🤖 AI Summary
This study addresses the mechanisms underlying the formation and maintenance of interpersonal trust among students in virtual learning environments (VLEs), critical for effective collaboration and deep learning. Employing a systematic literature review (SLR), thematic coding, and conceptual modeling, we identified 37 key trust-influencing attributes and developed a novel two-dimensional conceptual map: one dimension categorizes attributes into competence, integrity, benevolence, and impersonal factors; the other organizes them along the dynamic trust lifecycle—formation, maintenance, and dissolution. We further demonstrate that observable indicators—such as academic performance and collaborative behaviors—serve as empirically grounded trust proxies in peer recommendation contexts. The study yields the first theory-driven, trust-aware design framework specifically for VLEs, offering both an actionable empirical foundation and a validated classification toolkit for educational recommender systems and learning analytics.
📝 Abstract
Interpersonal trust is recognized as one of the pillars of collaboration and successful learning among students in virtual learning environments (VLEs).

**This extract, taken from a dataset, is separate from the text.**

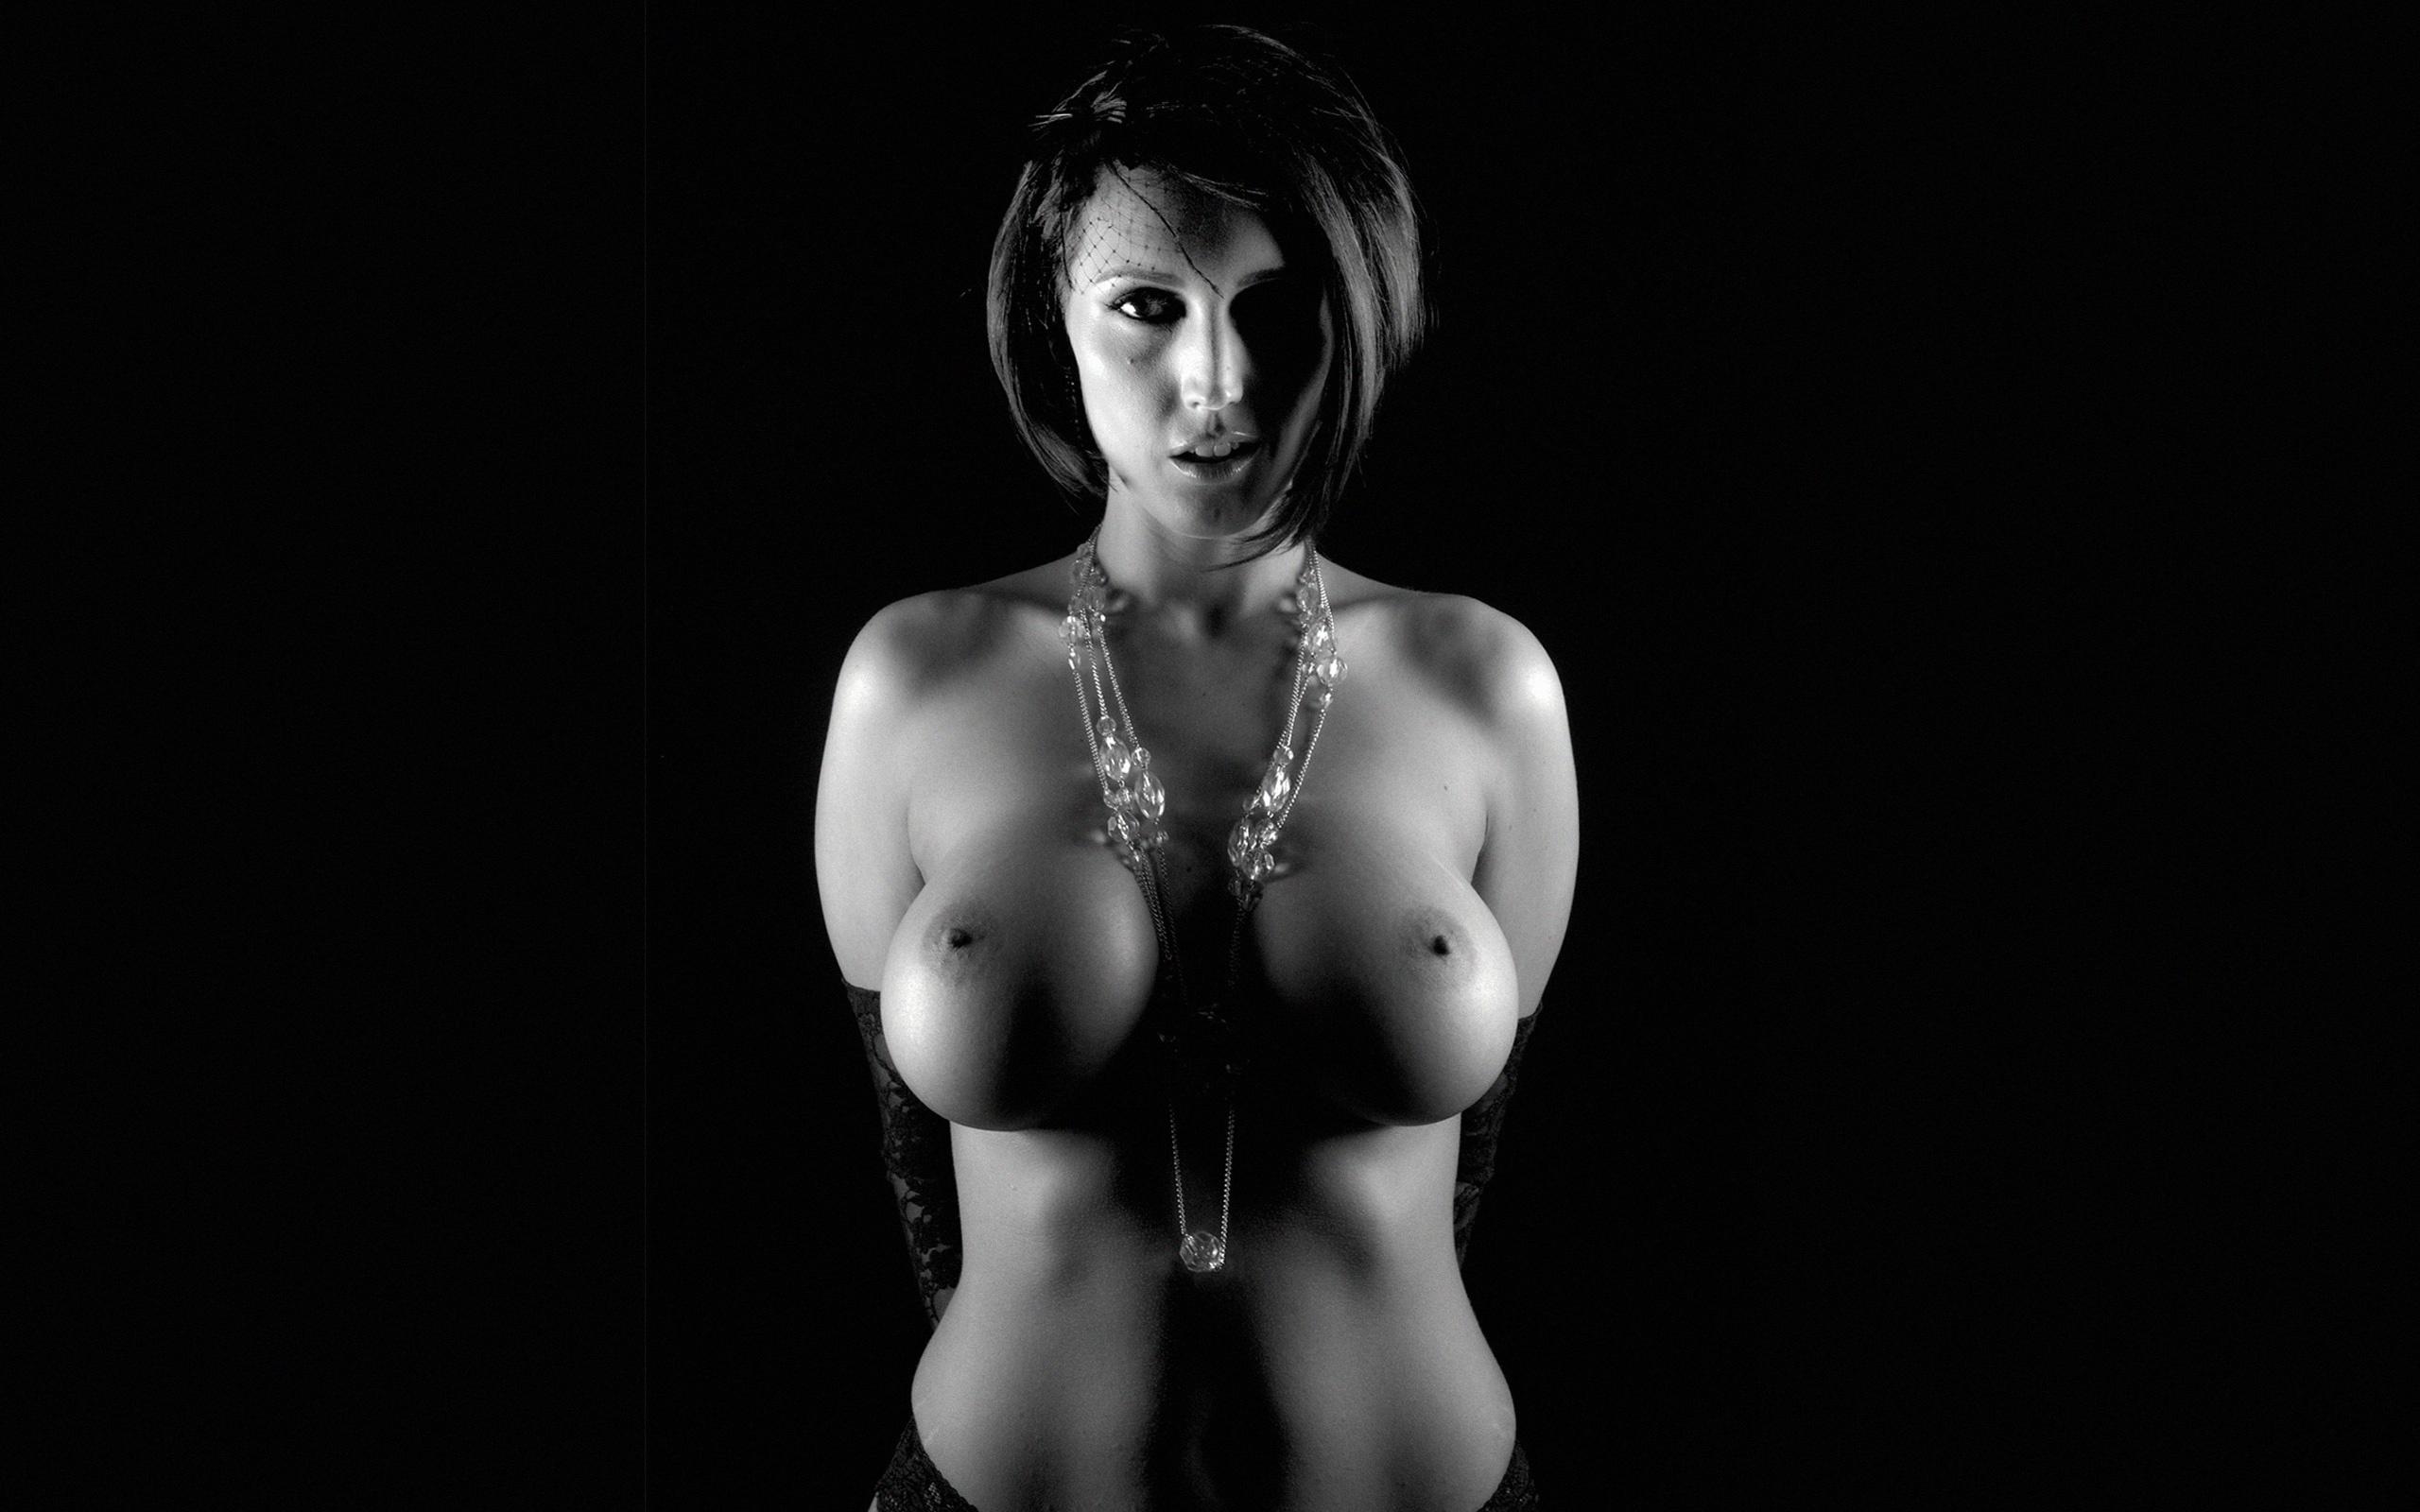 Wallpaper Dylan Ryder, Big Breasts, Boobs, Brunette, Hot -8929
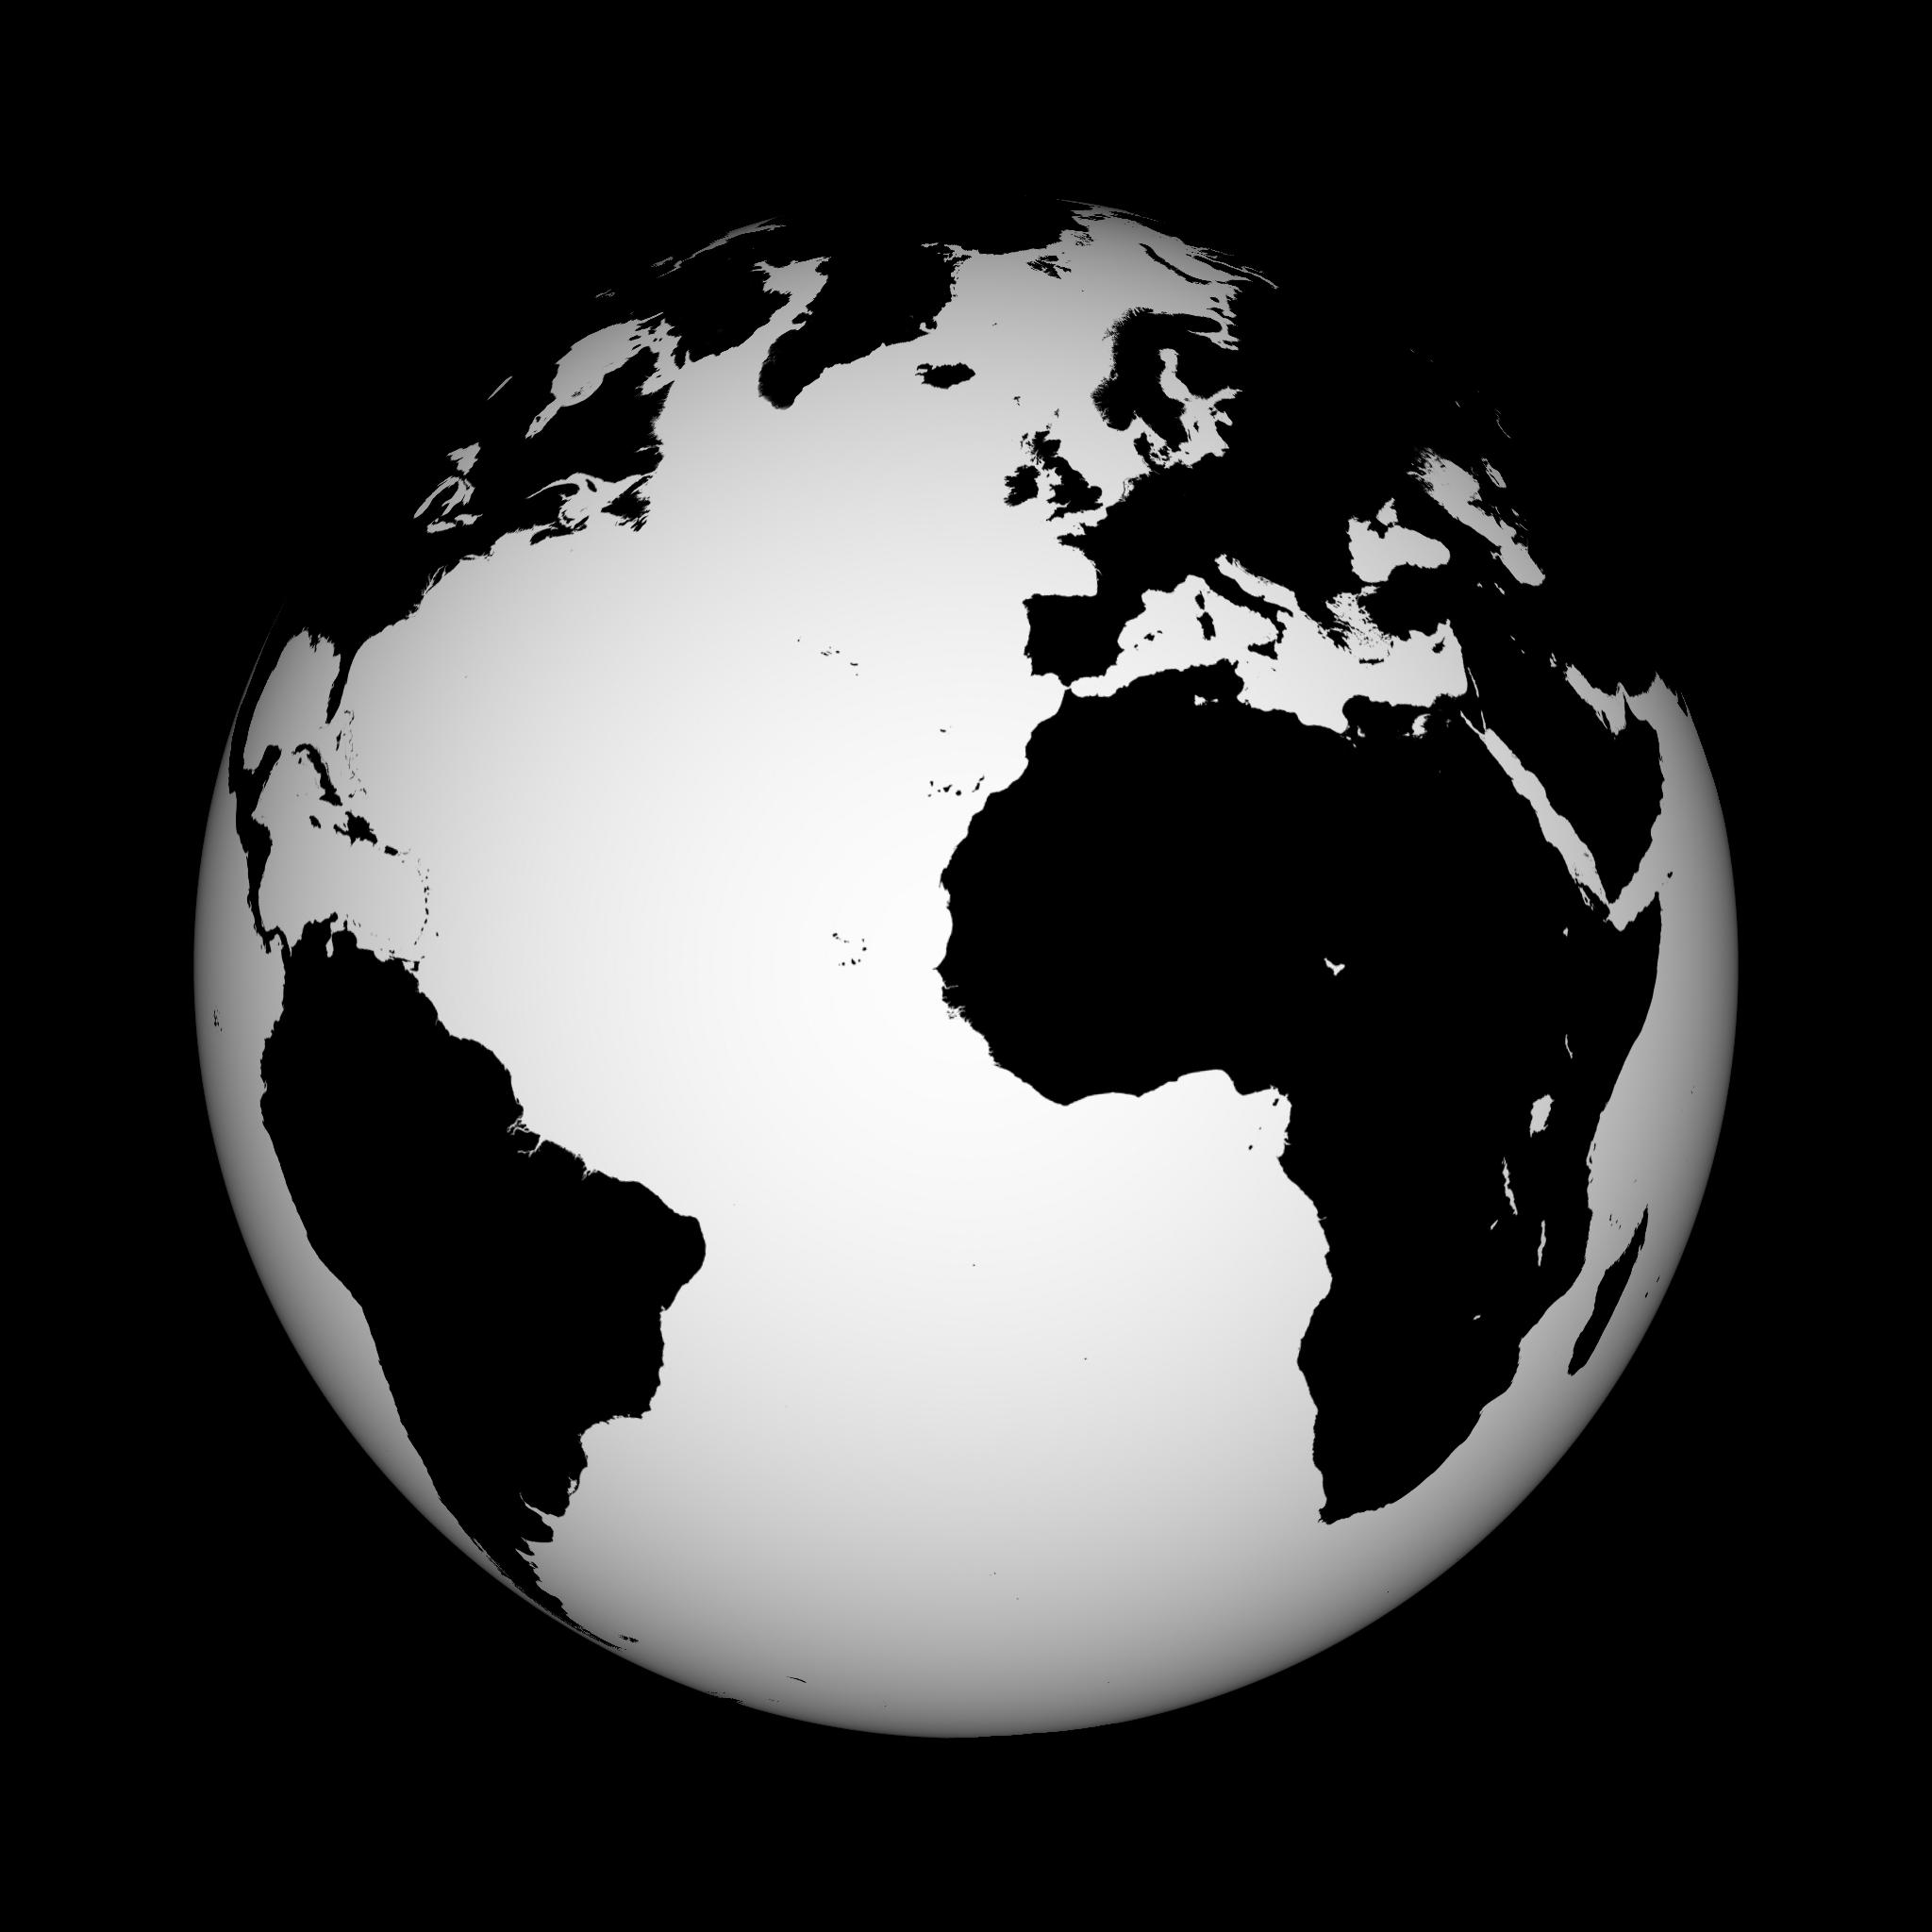 при картинка земли черно-белое отредактированные фотографий затерялись

This systematic mapping study investigates attributes, phases, and features that support interpersonal trust among students in VLEs. Analyzing 46 articles, we identified 37 attributes that influence phases of acquiring and losing trust, categorized into four themes: Ability, Integrity, Affinity, and Non-Personal Factors. Attributes such as collaborative and ethical behavior, academic skills, and higher grades are often used to select peers, mainly through recommendation systems and user profiles. To organize our findings, we elaborated two conceptual maps describing the main characteristics of trust definitions and the attributes classification by phases and themes.